__Supplied data__.
▽
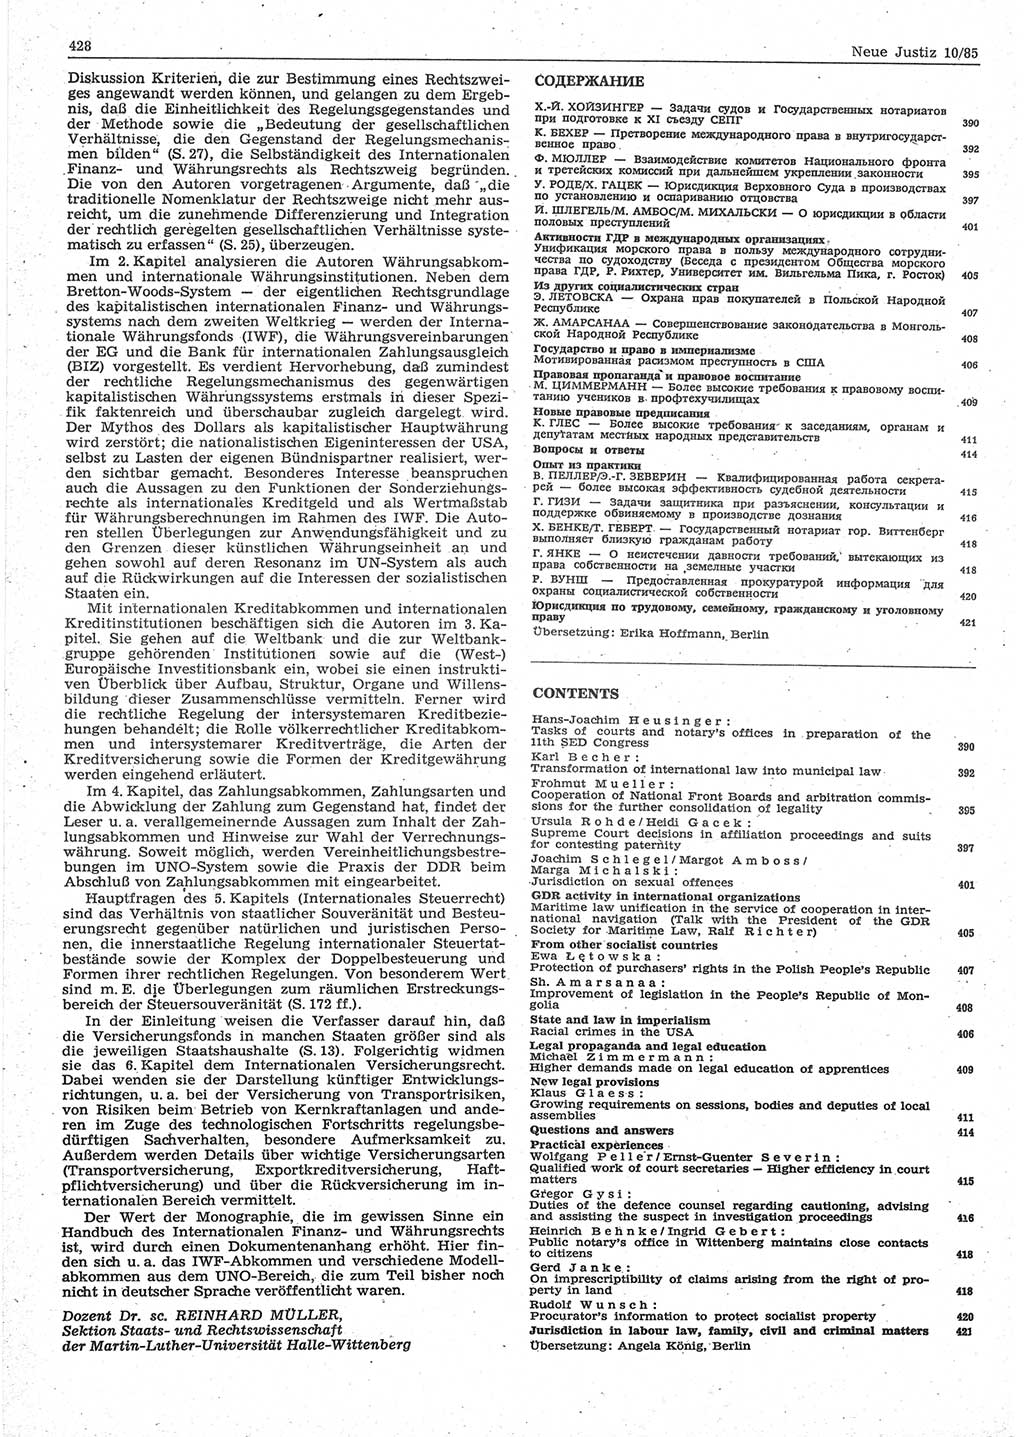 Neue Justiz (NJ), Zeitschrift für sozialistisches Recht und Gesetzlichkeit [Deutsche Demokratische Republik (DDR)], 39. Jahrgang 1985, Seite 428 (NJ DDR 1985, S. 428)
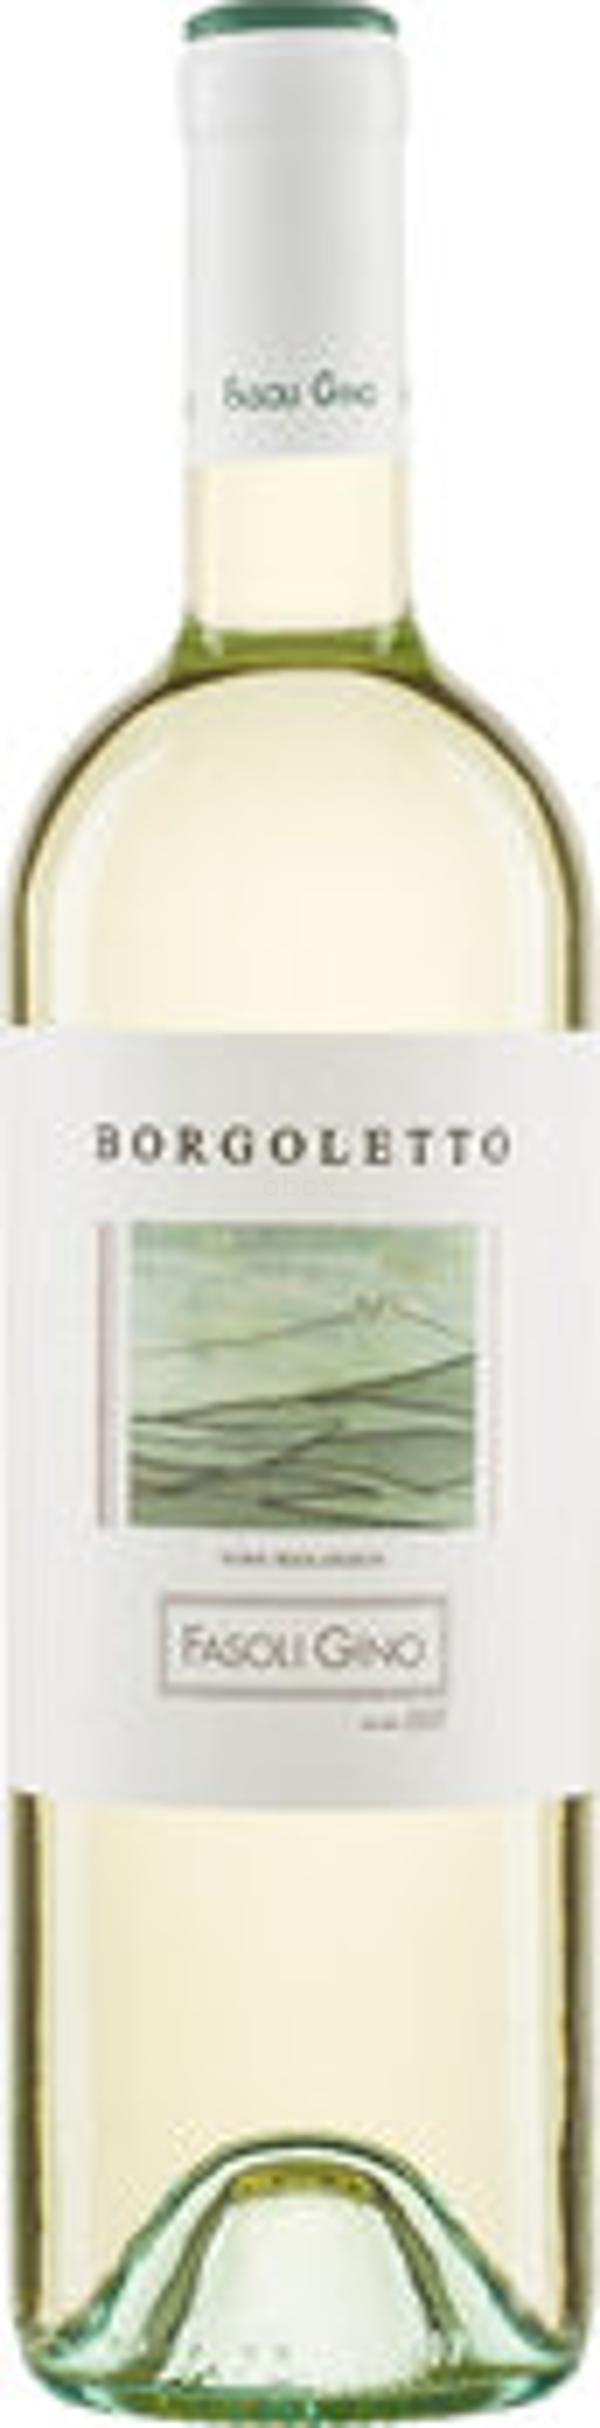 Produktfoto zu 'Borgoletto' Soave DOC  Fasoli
△
▽
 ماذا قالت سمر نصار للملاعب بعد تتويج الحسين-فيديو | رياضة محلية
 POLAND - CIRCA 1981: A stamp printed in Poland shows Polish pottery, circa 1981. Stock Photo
△
In the listing above, find the line with "Neue Justiz (NJ), Zeitschrift" and the line with "Produktfoto zu 'Borgoletto'". Output both, plus every line between them, and no pictures.

__Exercise answer__.
 Neue Justiz (NJ), Zeitschrift für sozialistisches Recht und Gesetzlichkeit [Deutsche Demokratische Republik (DDR)], 39. Jahrgang 1985, Seite 428 (NJ DDR 1985, S. 428)
 Produktfoto zu 'Borgoletto' Soave DOC  Fasoli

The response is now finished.